Sementara cinta Ilahi dalam Islam bukanlah jenis cinta yang dangkal, tetapi dianggap sebagai perasaan saling tulus antara Tuhan dan manusia. Allah SWT berfirman dalam surat Al-Maidah ayat 54:
يٰٓاَيُّهَا الَّذِيْنَ اٰمَنُوْا مَنْ يَّرْتَدَّ مِنْكُمْ عَنْ دِيْنِهٖ فَسَوْفَ يَأْتِى اللّٰهُ بِقَوْمٍ يُّحِبُّهُمْ وَيُحِبُّوْنَهٗٓ ۙاَذِلَّةٍ عَلَى الْمُؤْمِنِيْنَ اَعِزَّةٍ عَلَى الْكٰفِرِيْنَۖ يُجَاهِدُوْنَ فِيْ سَبِيْلِ اللّٰهِ وَلَا يَخَافُوْنَ لَوْمَةَ لَاۤىِٕمٍ ۗذٰلِكَ فَضْلُ اللّٰهِ يُؤْتِيْهِ مَنْ يَّشَاۤءُۗ وَاللّٰهُ وَاسِعٌ عَلِيْمٌ
“Wahai orang-orang yang beriman, siapa di antara kamu yang murtad dari agamanya, maka Allah akan mendatangkan suatu kaum yang Dia mencintai mereka dan mereka pun mencintai-Nya, yang bersikap lemah lembut terhadap orang-orang mukmin dan bersikap tegas terhadap orang-orang kafir. Mereka berjihad di jalan Allah dan tidak takut pada celaan orang yang mencela. Itulah karunia Allah yang diberikan-Nya kepada siapa yang Dia kehendaki. Allah Mahaluas (pemberian-Nya) lagi Mahamengetahui.”
Sementara di surat lain, Allah SWT menghubungkan cinta ilahi dengan takwa. Allah SWT berfirman dalam surat Ali Imran ayat 76:
بَلٰى مَنْ اَوْفٰى بِعَهْدِهٖ وَاتَّقٰى فَاِنَّ اللّٰهَ يُحِبُّ الْمُتَّقِيْنَ “Bukan begitu! Siapa yang menepati janji dan bertakwa, sesungguhnya Allah mencintai orang-orang yang bertakwa.”
Hal ini menunjukkan bahwa cinta Ilahi tidak hanya diwujudkan dalam ibadah murni, seperti shalat, tetapi juga tercermin dalam berbagai aspek kehidupan. Oleh karena itu, mengikuti jalan Tuhan adalah ujian nyata untuk keaslian cinta ilahi.

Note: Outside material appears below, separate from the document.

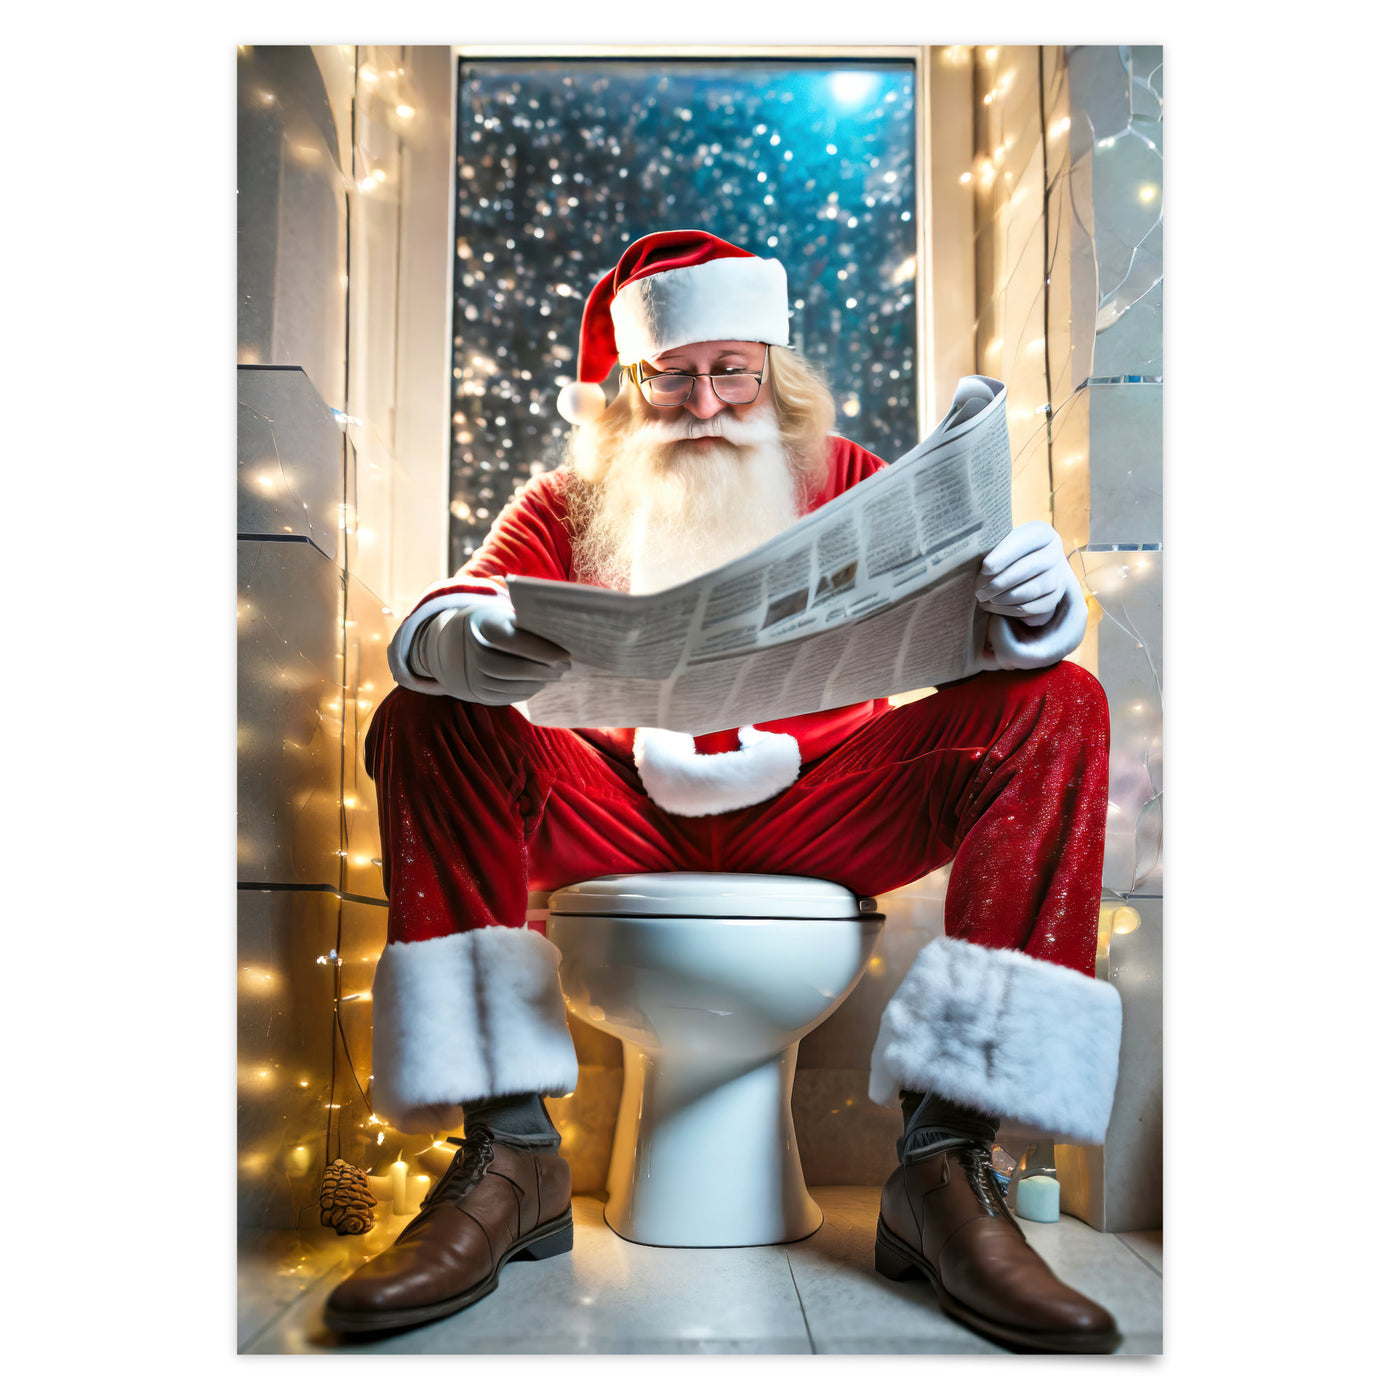 Weihnachtsmann auf Toilette Poster Gäste WC Bild Weihnachten Deko Wohndeko Wanddeko Poster Weihnachten Weihnachtsmann liest Zeitung auf Klo

Hal ini juga diungkapkan dengan indahnya dalam Alquran ketika berbicara kepada Nabi Muhammad SAW. Allah SWT berfirman dalam surat Ali Imran ayat 31:
قُلْ اِنْ كُنْتُمْ تُحِبُّوْنَ اللّٰهَ فَاتَّبِعُوْنِيْ يُحْبِبْكُمُ اللّٰهُ وَيَغْفِرْ لَكُمْ ذُنُوْبَكُمْ ۗ وَاللّٰهُ غَفُوْرٌ رَّحِيْمٌ “Katakanlah (Nabi Muhammad), “Jika kamu mencintai Allah, ikutilah aku, niscaya Allah akan mencintaimu dan mengampuni dosa-dosamu.” Allah Mahapengampun lagi Mahapenyayang.”
Cinta kepada Tuhan juga menjadi dasar cinta kepada makhluk lain di alam semesta. Sebab, cinta yang dalam dan mendalam kepada manusia dan makhluk lain tidak akan dirasakan oleh seseorang yang tidak benar-benar mencintai Tuhan.